Насчет же того, демократия или диктатура лучше мобилизует ресурсы для войны, вопрос остается дискуссионным. Тут надо учесть, что гитлеровская диктатура до начала Второй мировой войны существовала всего шесть лет, причем сам Гитлер стремился сохранить в неприкосновенности как кадровое офицерство, так и частную собственность в экономике, считая и то и другое эффективными факторами при ведении войны, разумеется под надлежащим государственным контролем со стороны фюрера и НСДАП. И то, что нацистской диктатуре удалось шесть лет продержаться против значительно превосходящих сил ее противников, говорит о том, что по части мобилизации и координации сил гитлеровский Рейх, как минимум, не уступал западным демократиям — США и Англии. Другое дело, что Гитлер умело использовал наследство кайзеровской Германии, которая если и не была столь полноценной демократией, как Англия, Франция или США, то уж, по крайней мере, точно не была диктатурой. В этом смысле Сталин находился в худшем положении, чем Гитлер. Во-первых, царская Россия не имела серьезных демократических традиций, которые могли бы повлиять на мораль населения в плане роста индивидуального сознания. К тому же национал-социализм провозглашал роль личности, тогда как коммунизм опирался на коллективизм. Во-вторых, частнособственническая экономика в России накануне революции 1917 года была развита гораздо хуже, чем в Германии в 1933 году, и здесь у большевиков было меньше материала, который они могли наследовать. Еще важнее было то, что идеология коммунизма в качестве главной цели провозглашала полную ликвидацию частной собственности. Последовательно проведя этот постулат в жизнь, Сталин так и не осознал, что тем самым существенно ослабил обороноспособность страны, понизив качественный состав армии и эффективность военной экономики. Обедненные качества армии покрылись количеством жертв на поле боя и в тылу.

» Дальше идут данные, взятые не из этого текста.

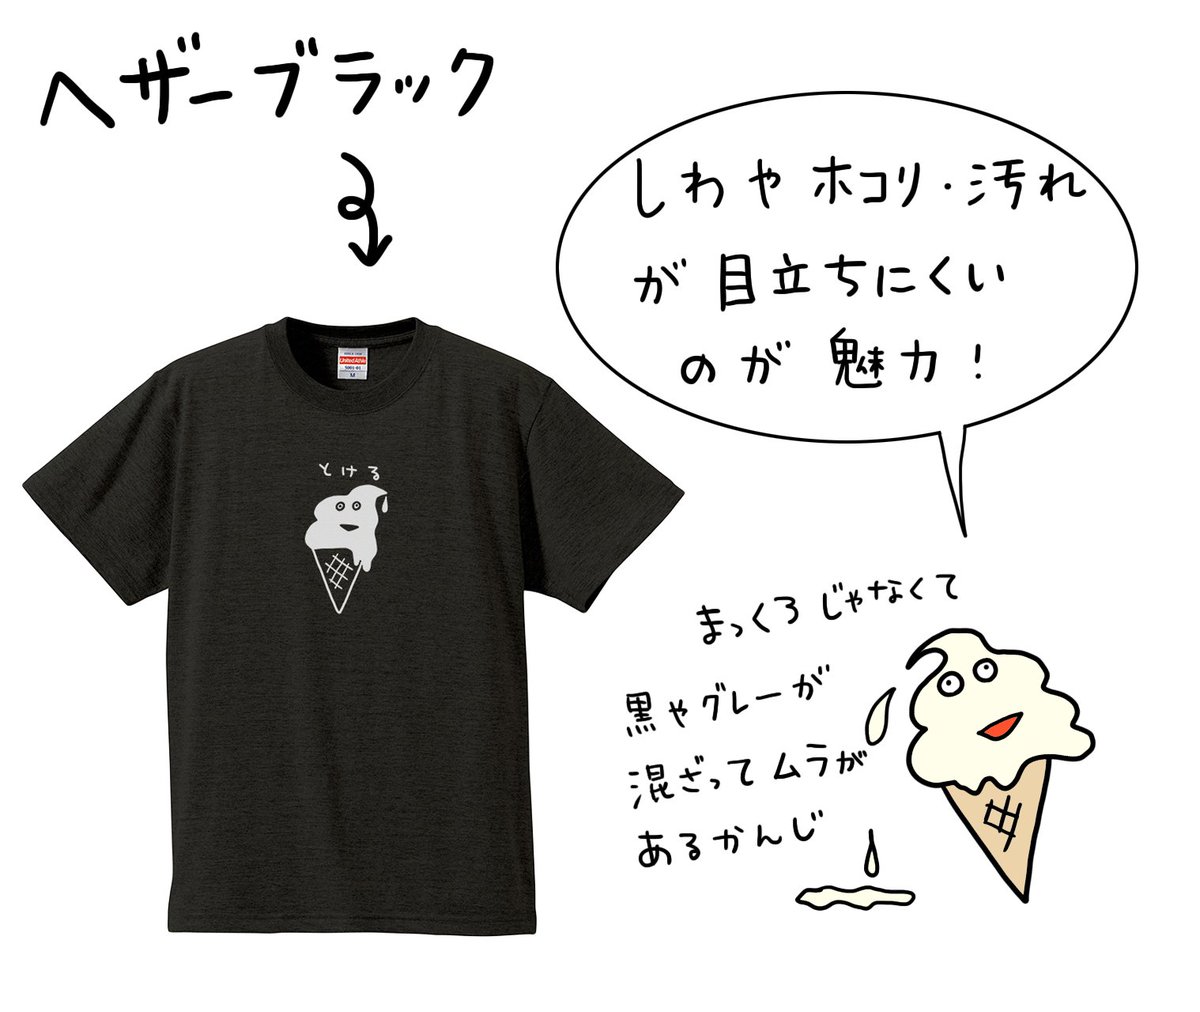 お待たせしました！
Tシャツ『とける』のブラックver.のデザインをアップデートし、サイトで販売を開始しました！
アイスの顔の部分が白になったよ♪

Сравнение Гитлера и Сталина как полководцев и политиков давно уже стало традицией в работах исследователей. Отметим, что Гитлер достаточно противоречиво высказывался по поводу СССР и его вождя, но в целом предпочитал не мазать его преимущественно черной краской. Так, в одной из бесед в ставке фюрер назвал Сталина «одной из самых необычных фигур в мировой истории». Он уже в 1942 году понял, что интернациональные лозунги для советского диктатора не более чем пропаганда, а в действительности он продолжает дореволюционную имперскую политику. Фюрер следующим образом характеризовал своего главного противника: «Сталин претендует на то, чтобы быть провозвестником большевистской революции. На самом же деле он отождествляет себя с Россией царей и просто-напросто возрождает традицию панславизма. Для него большевизм лишь средство, род ловушки, предназначенной для обмана германских и латинских народов».

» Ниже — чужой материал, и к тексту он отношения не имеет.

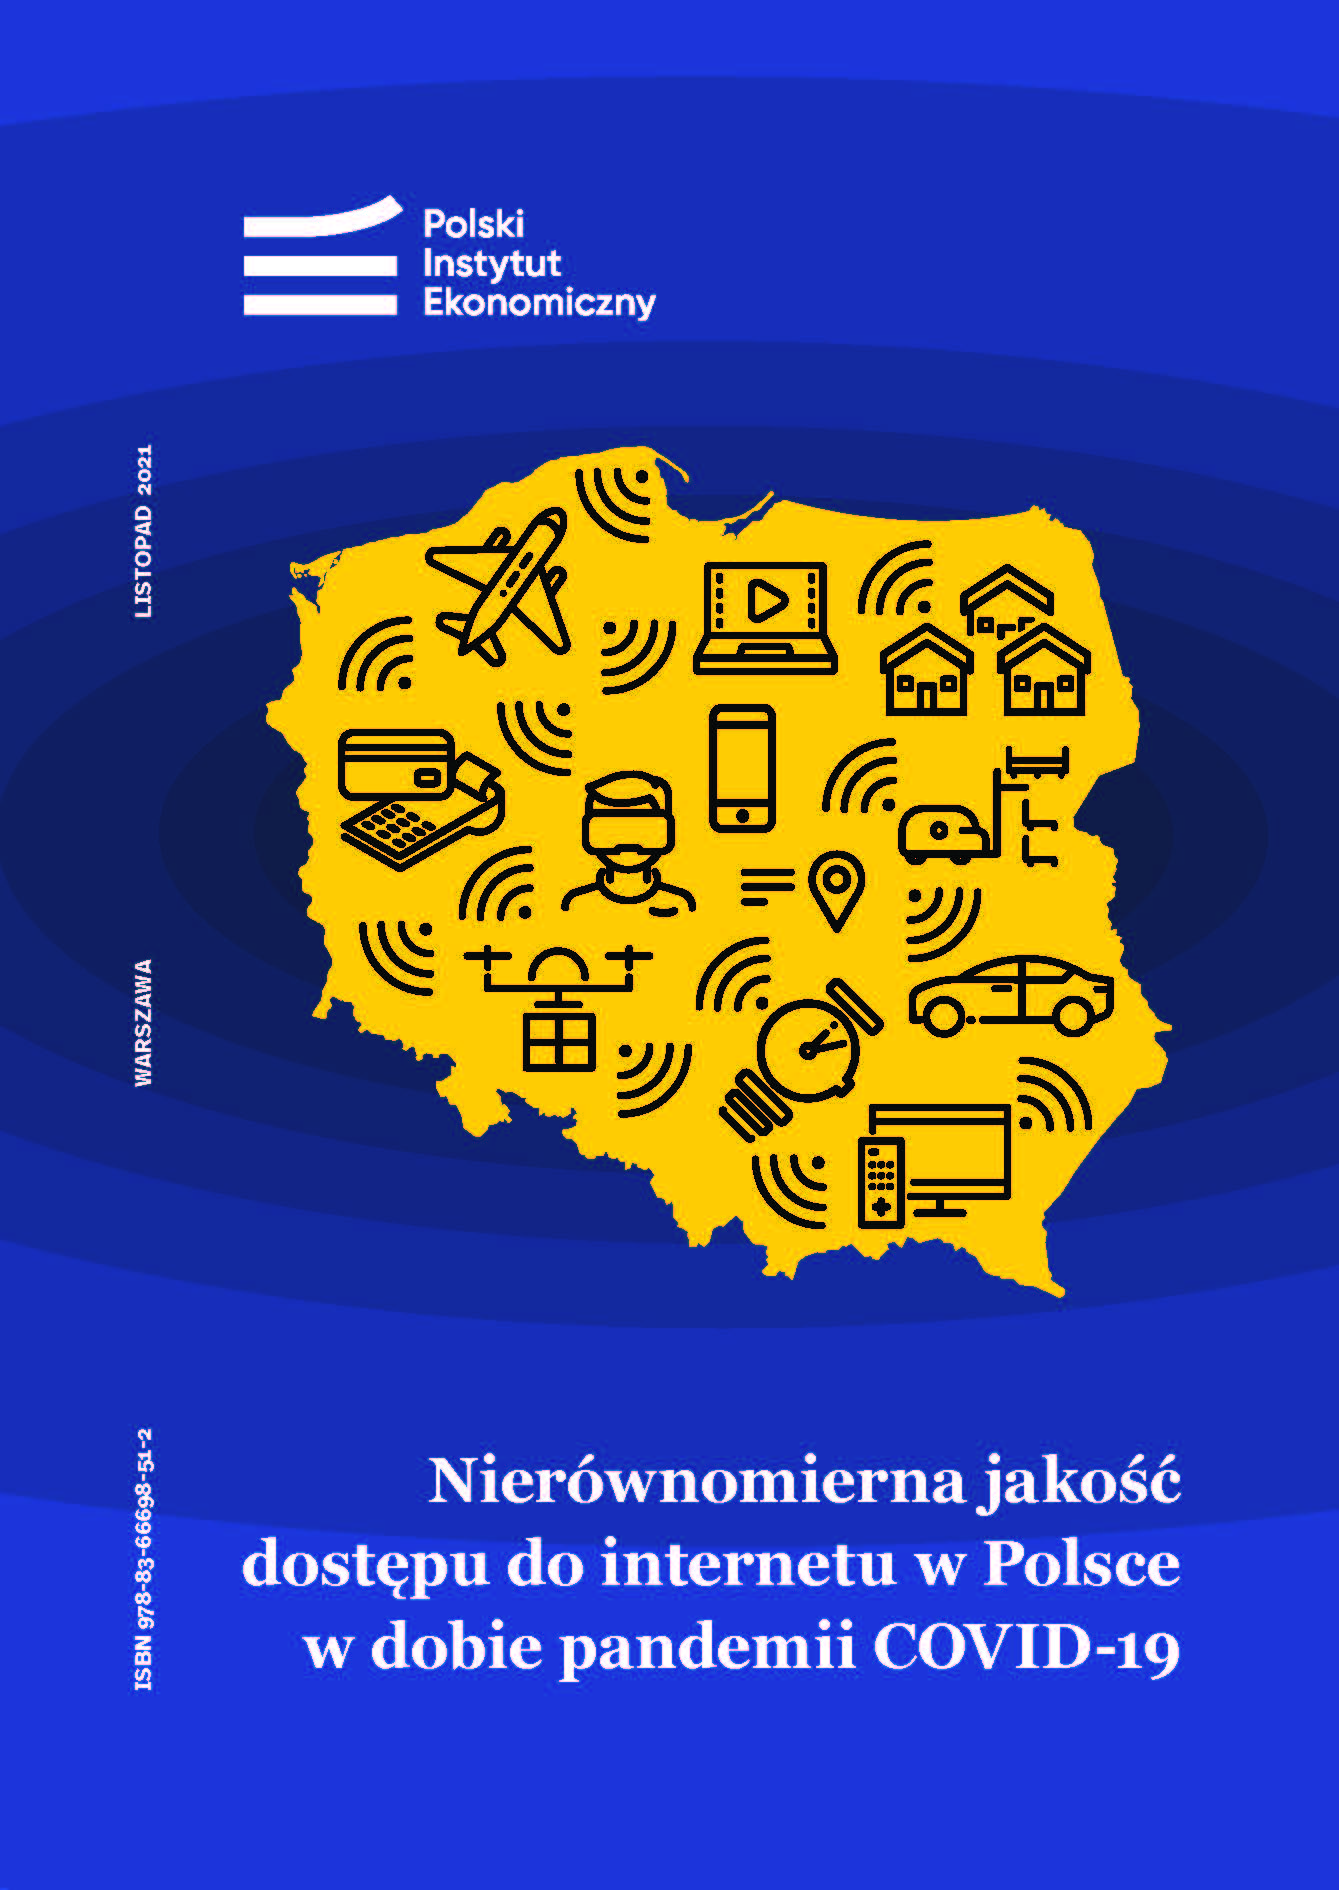 Pandemia uwydatniła nierówności w dostępie do internetu i potrzebę szybkiego rozwoju sieci 5G w Polsce

А в середине июля 1942 года, когда вермахт находился на вершине своих успехов, Гитлер надеялся, что Сталин пойдет на примирение с ним, уступив Германии всю европейскую часть СССР. И фюрер готов был великодушно оставить во владении партнера по пакту 1939 года азиатскую часть Советского Союза.
Определенное сочувствие Гитлер выказывал к советскому государственному строю, о чем он прямо говорил в своей ставке 11 апреля 1942 года: «Идея человеческой солидарности была привита людям с помощью силы, и поддерживать ее можно лишь с помощью того же самого средства. Поэтому несправедливо осуждать Карла Великого за то, что он построил всю государственную организацию на основе принуждения, исходя из по-своему понятых интересов германского народа. Равным образом и Сталин в последние несколько лет применил к русскому народу меры, аналогичные тем, которыми пользовался Карл Великий, поскольку он также принял во внимание очень низкий культурный уровень русских. Он сознавал императивную необходимость объединения русского народа в рамках жесткой политической организации (такую организацию Гитлер считал идеалом и для германского народа. —
Чтобы сохранить наше господство над населением завоеванных на Востоке территорий, мы должны, насколько это в наших возможностях, пойти навстречу любым требованиям индивидуальной свободы, но лишить жителей государственной организации и сохранить население на возможно более низком культурном уровне.
При этом нашим руководящим принципом должно быть следующее: эти люди имеют единственное оправдание своего существования — быть использованными нами в экономическом отношении. Мы должны сосредоточиться на извлечении из этих территорий всего того, что из них можно извлечь».